═════ Source material

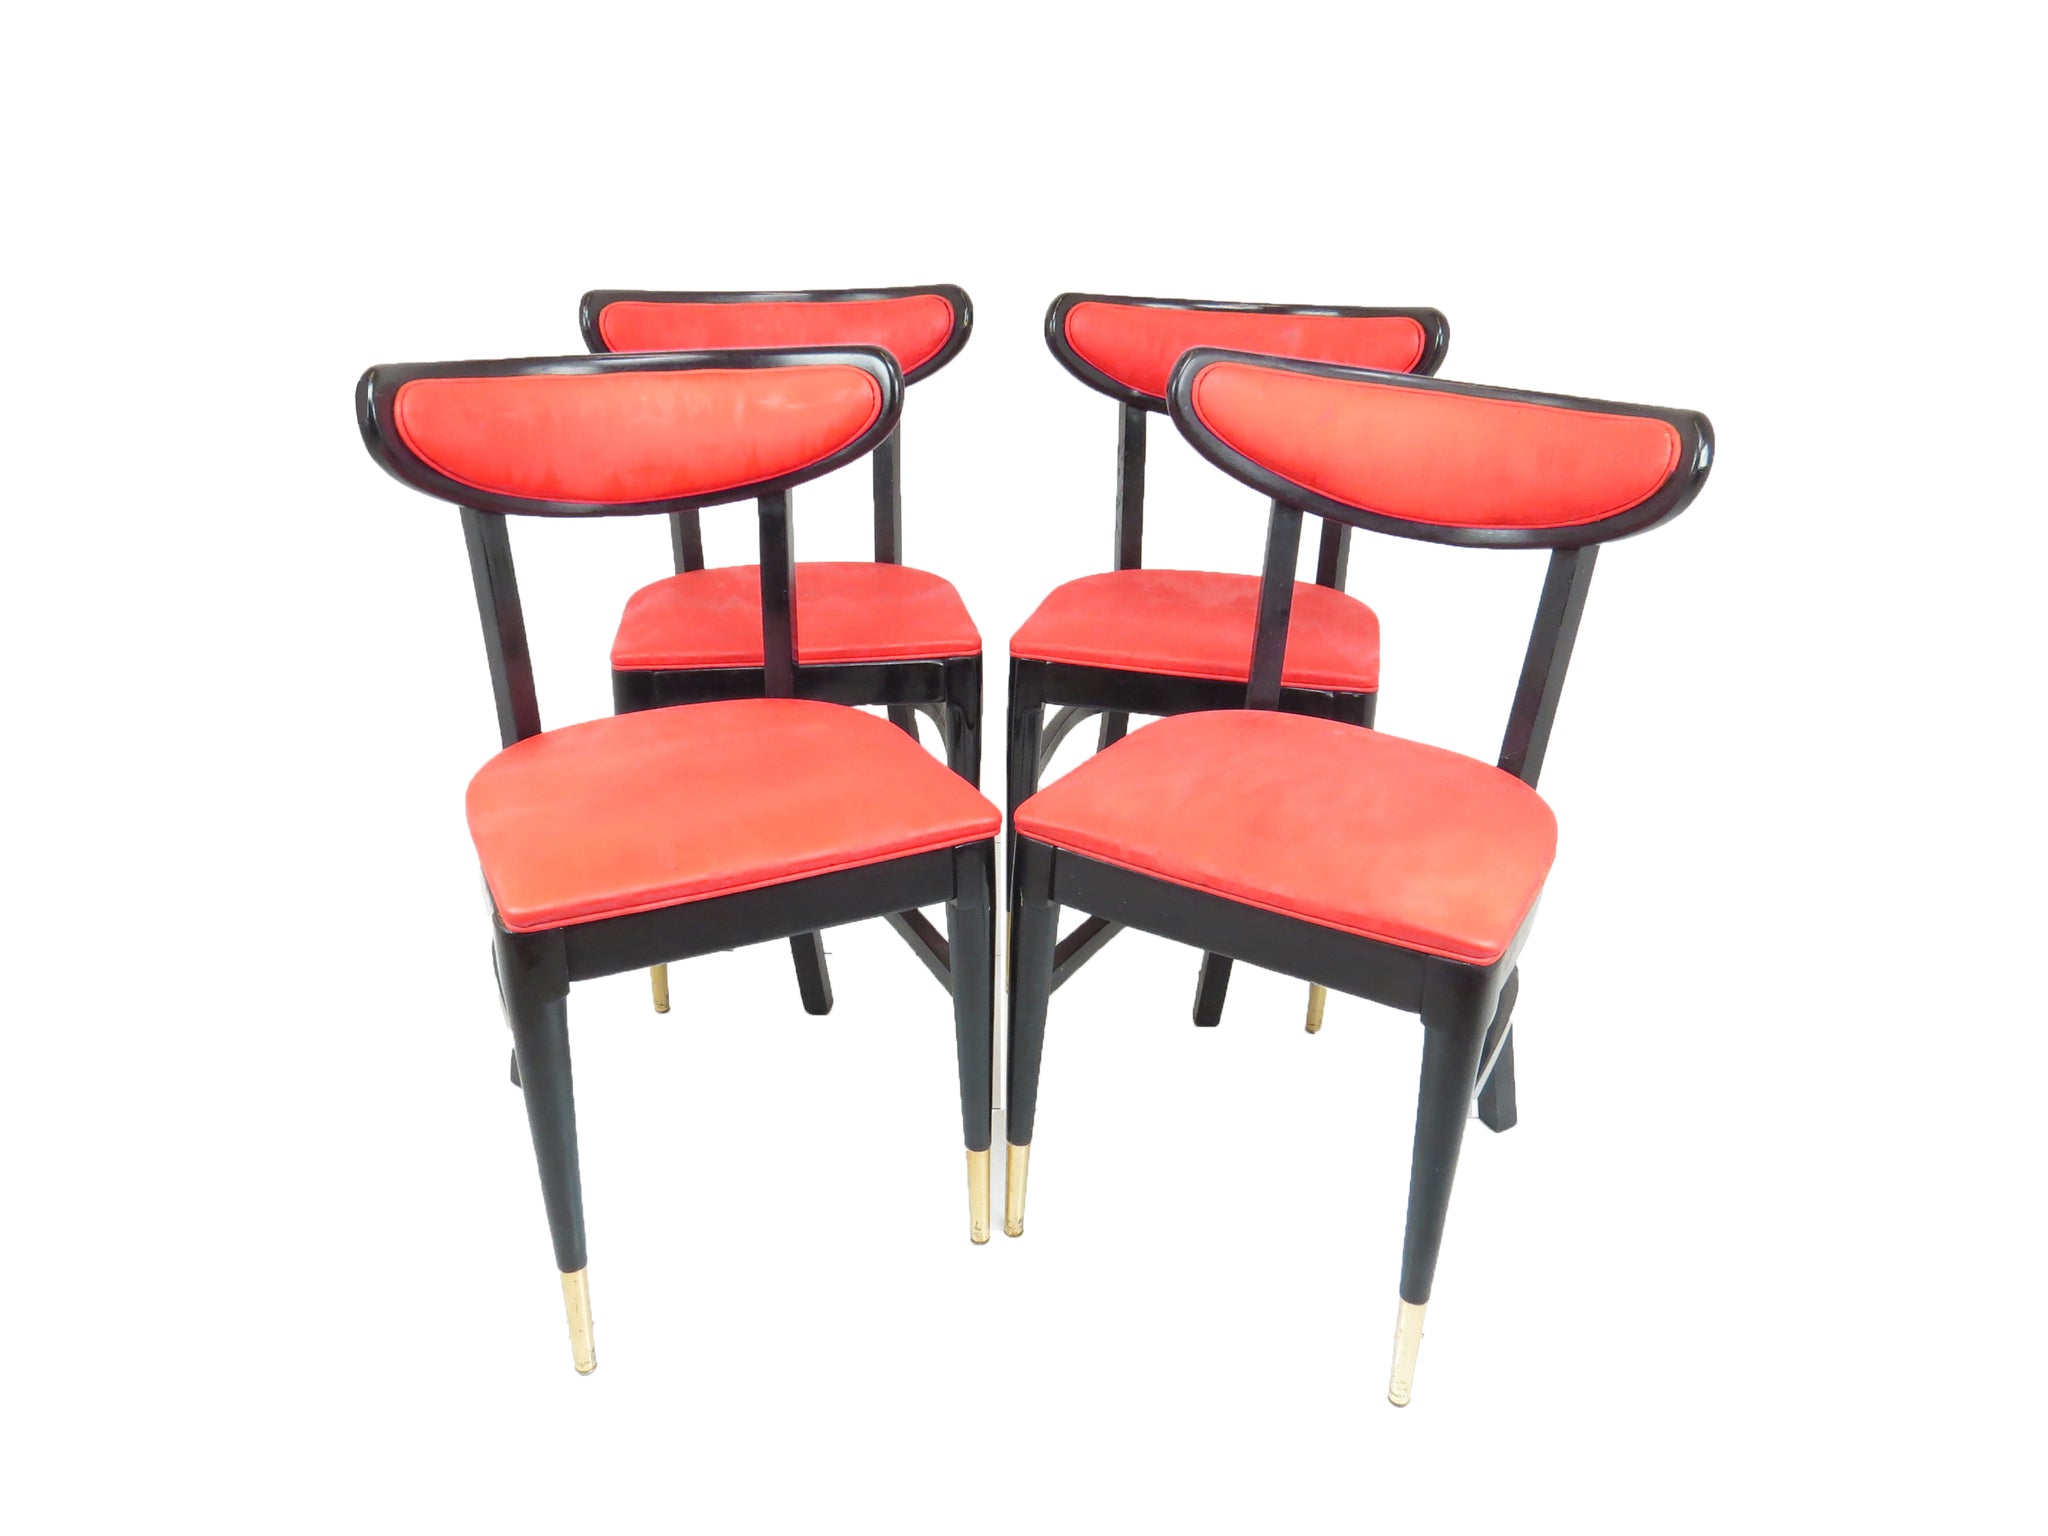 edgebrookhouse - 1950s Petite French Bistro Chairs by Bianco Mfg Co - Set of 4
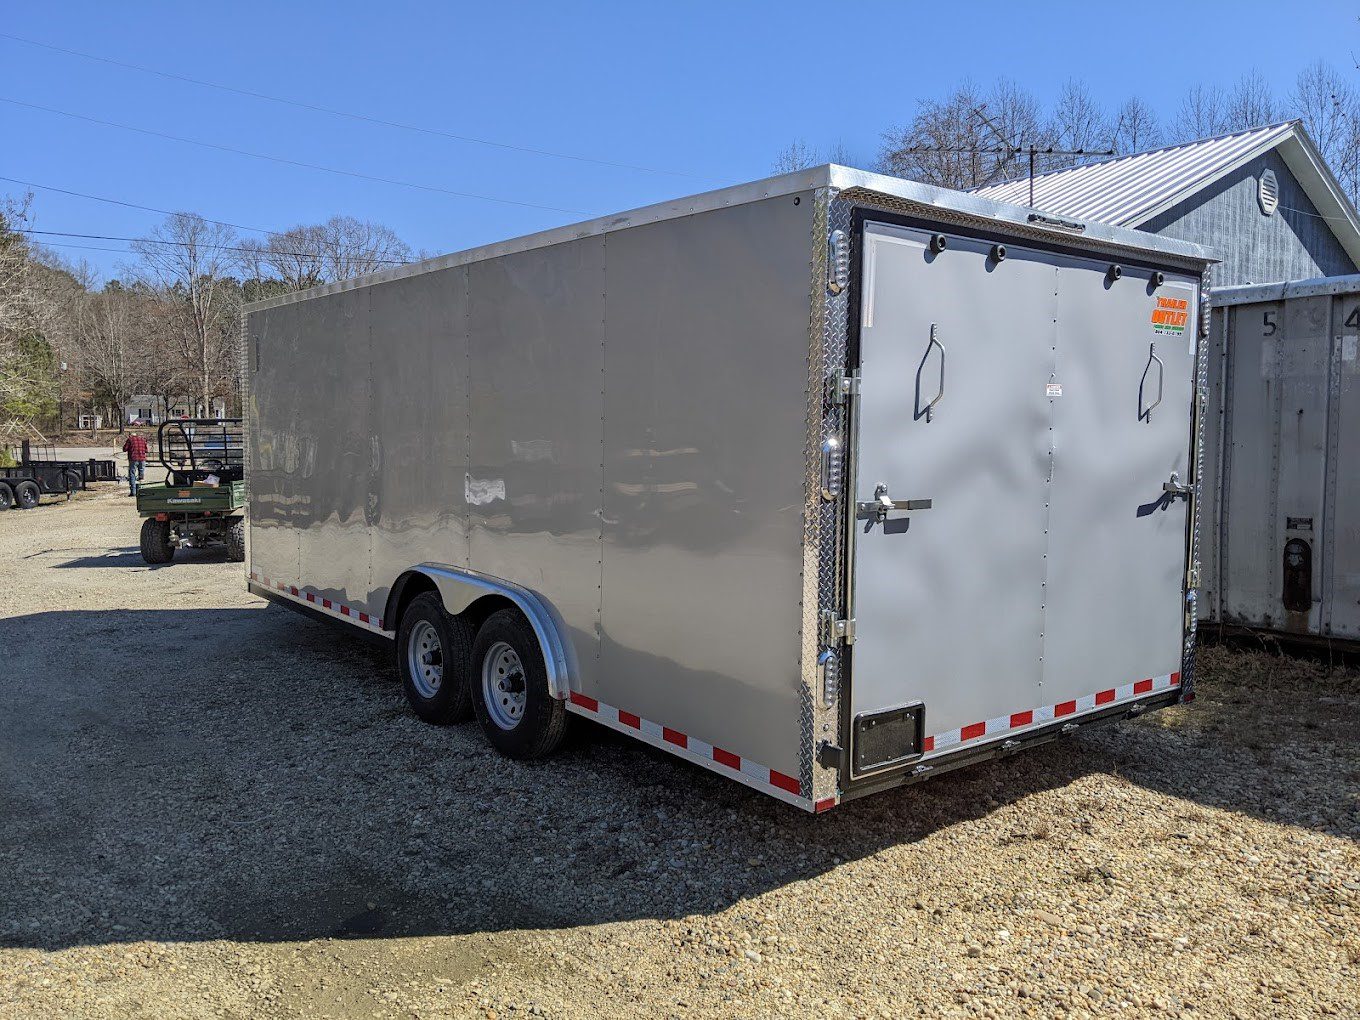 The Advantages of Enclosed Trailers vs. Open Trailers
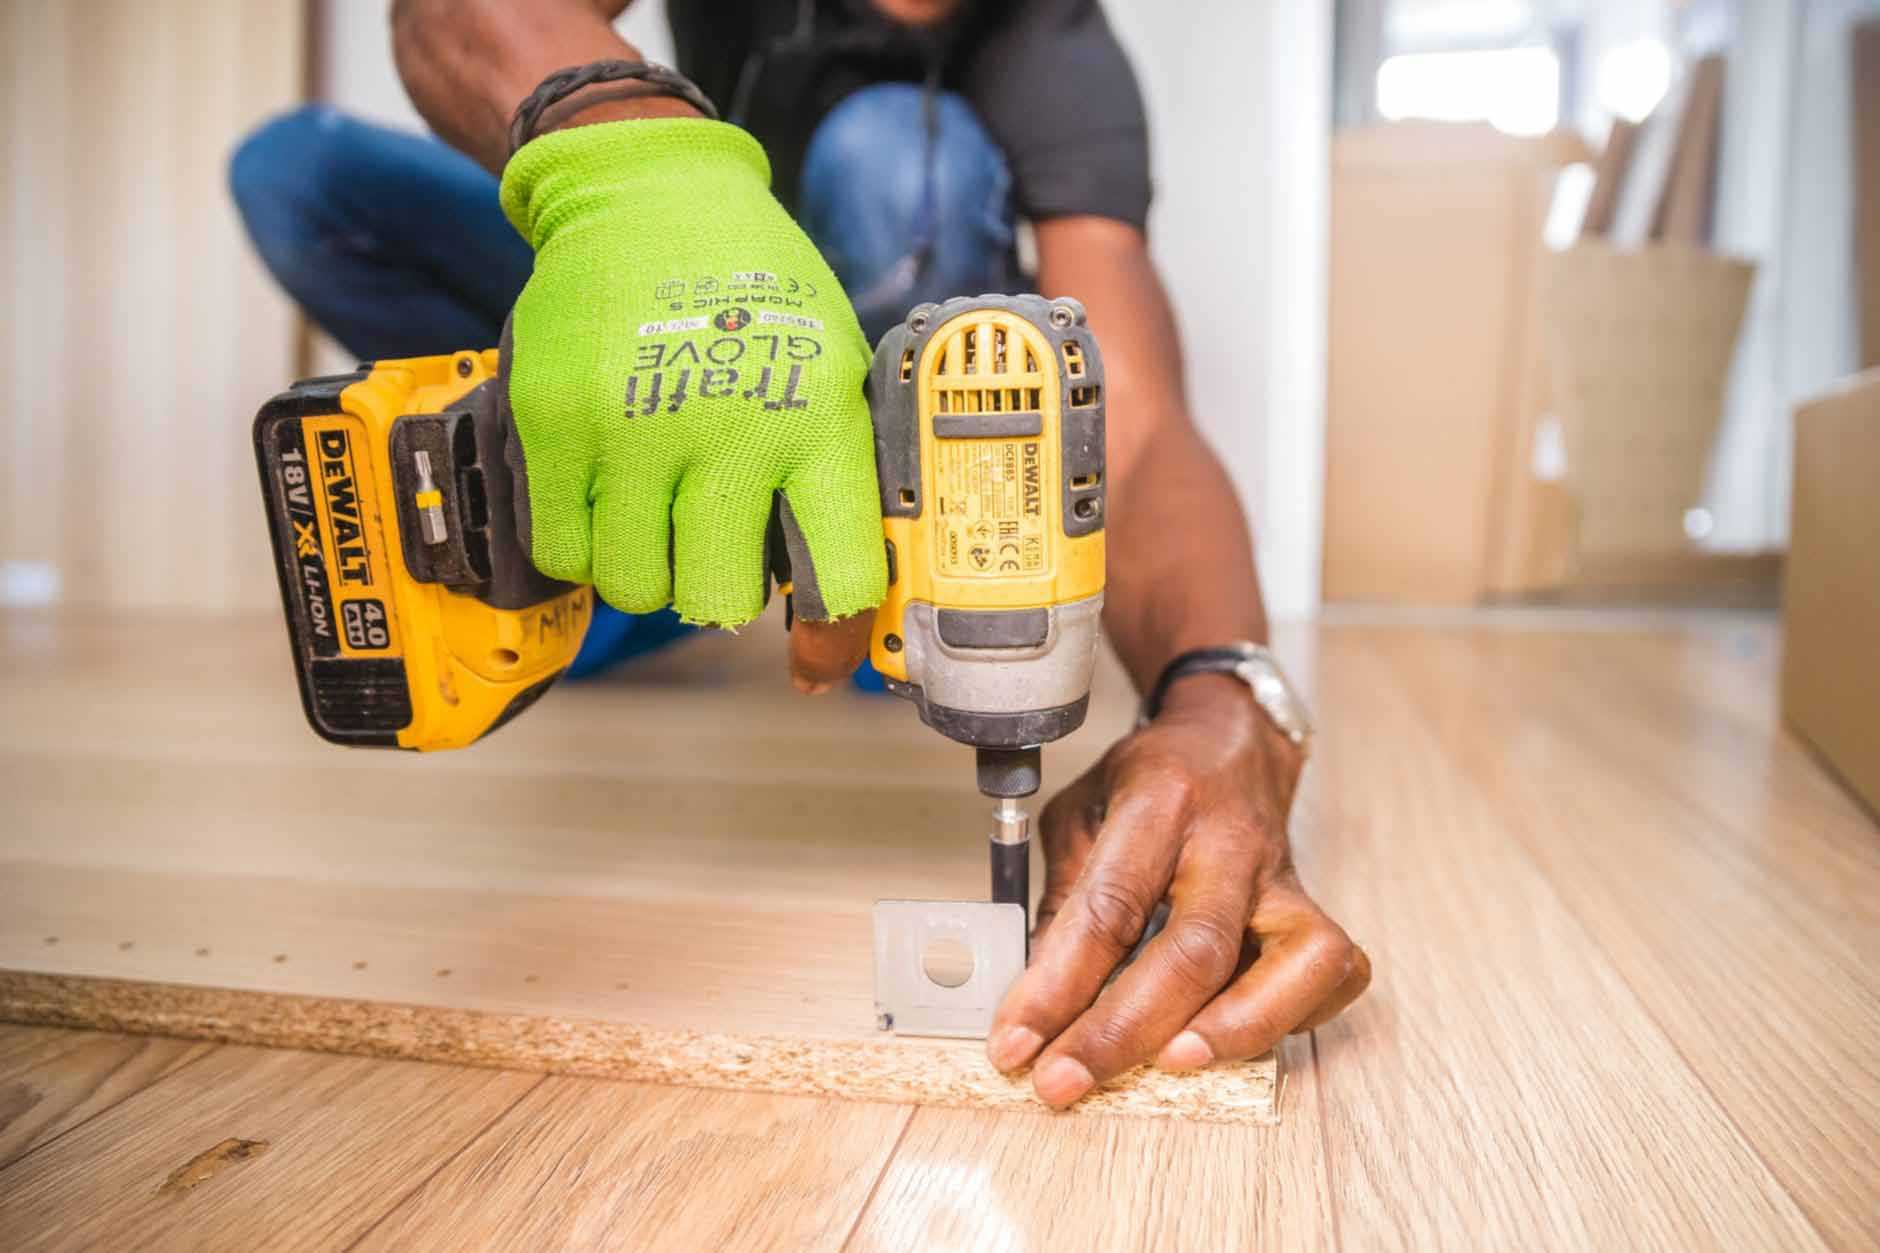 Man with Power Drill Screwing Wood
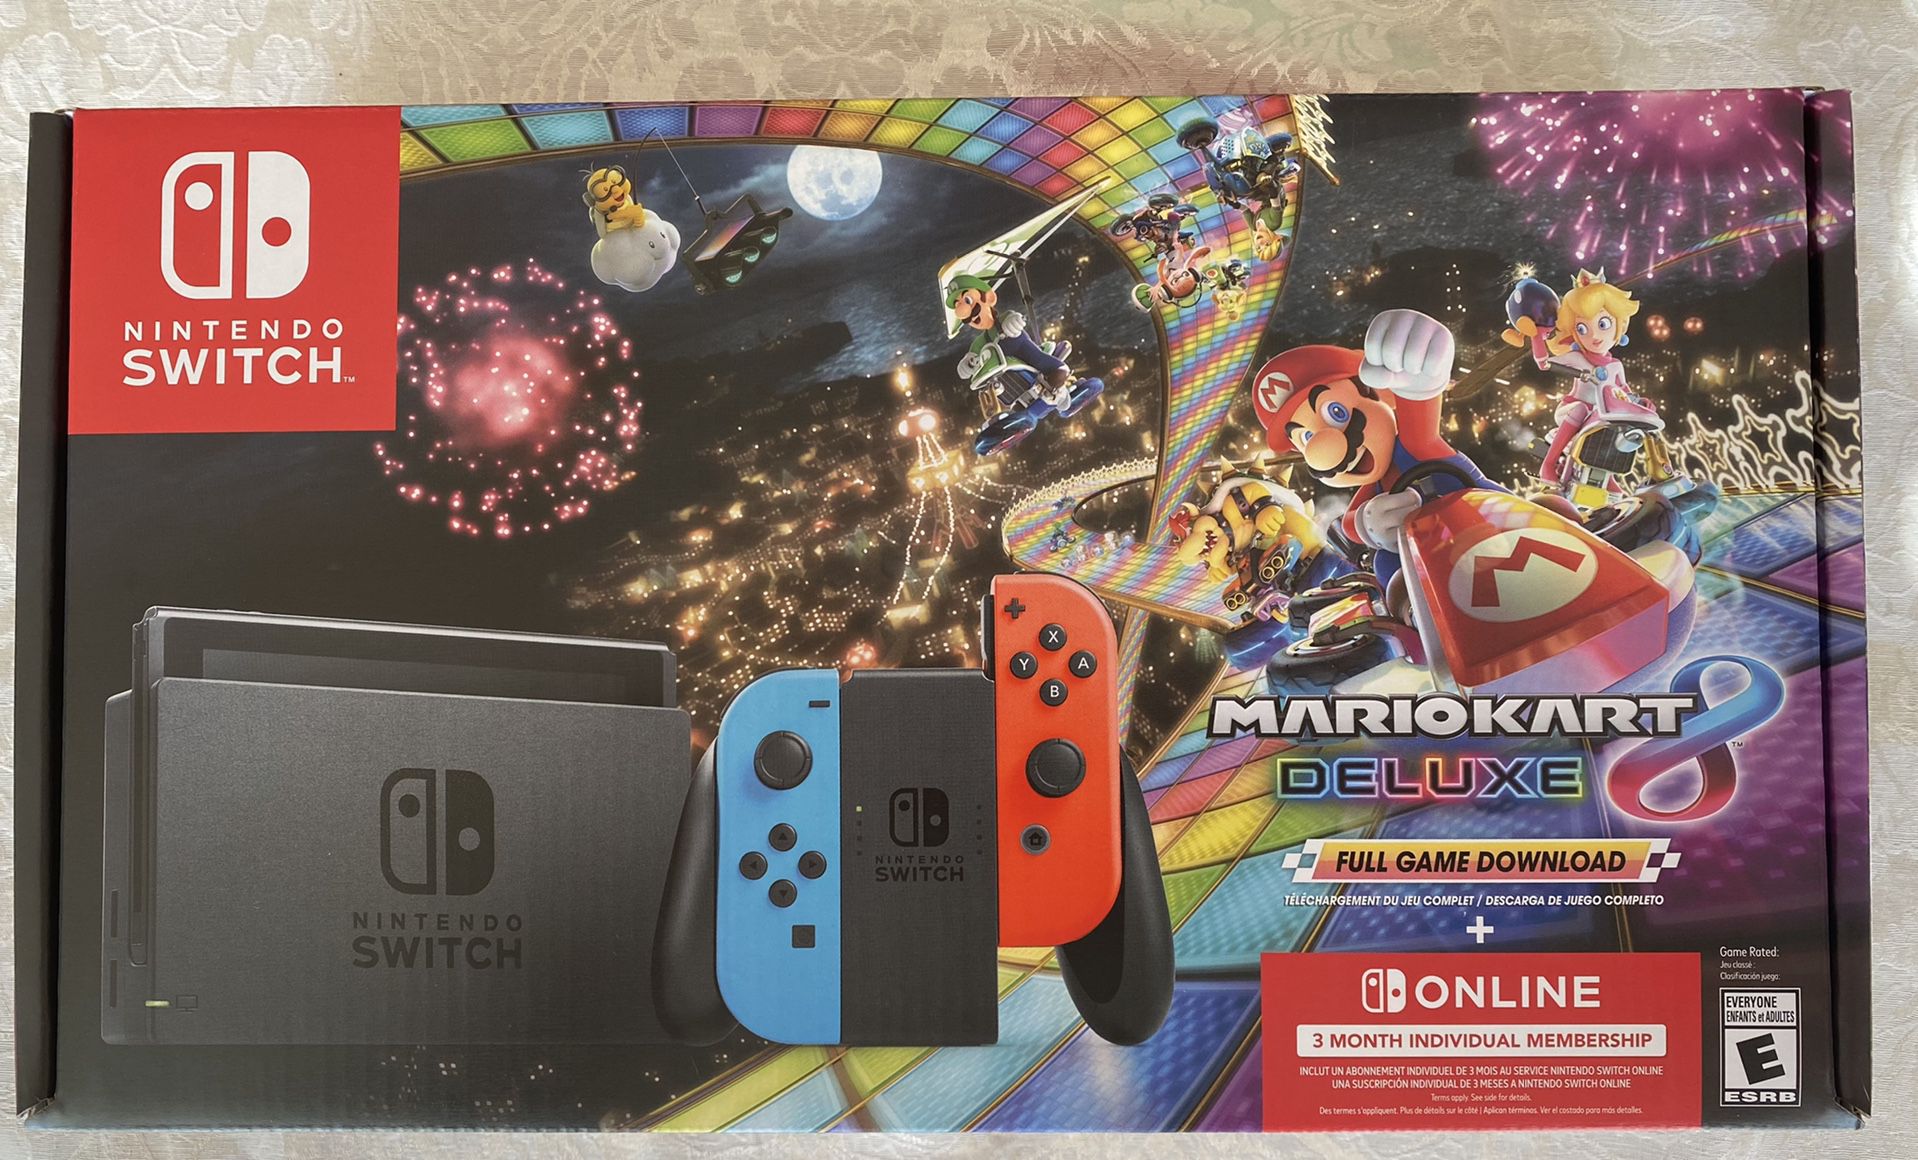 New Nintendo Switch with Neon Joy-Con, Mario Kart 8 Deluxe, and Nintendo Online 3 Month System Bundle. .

══════════

What needs to be done: What is needed is every line of the data above, set down exactly but with the images left out.

Solution to this exercise:
 edgebrookhouse - 1950s Petite French Bistro Chairs by Bianco Mfg Co - Set of 4
 The Advantages of Enclosed Trailers vs. Open Trailers
 Man with Power Drill Screwing Wood
 New Nintendo Switch with Neon Joy-Con, Mario Kart 8 Deluxe, and Nintendo Online 3 Month System Bundle. .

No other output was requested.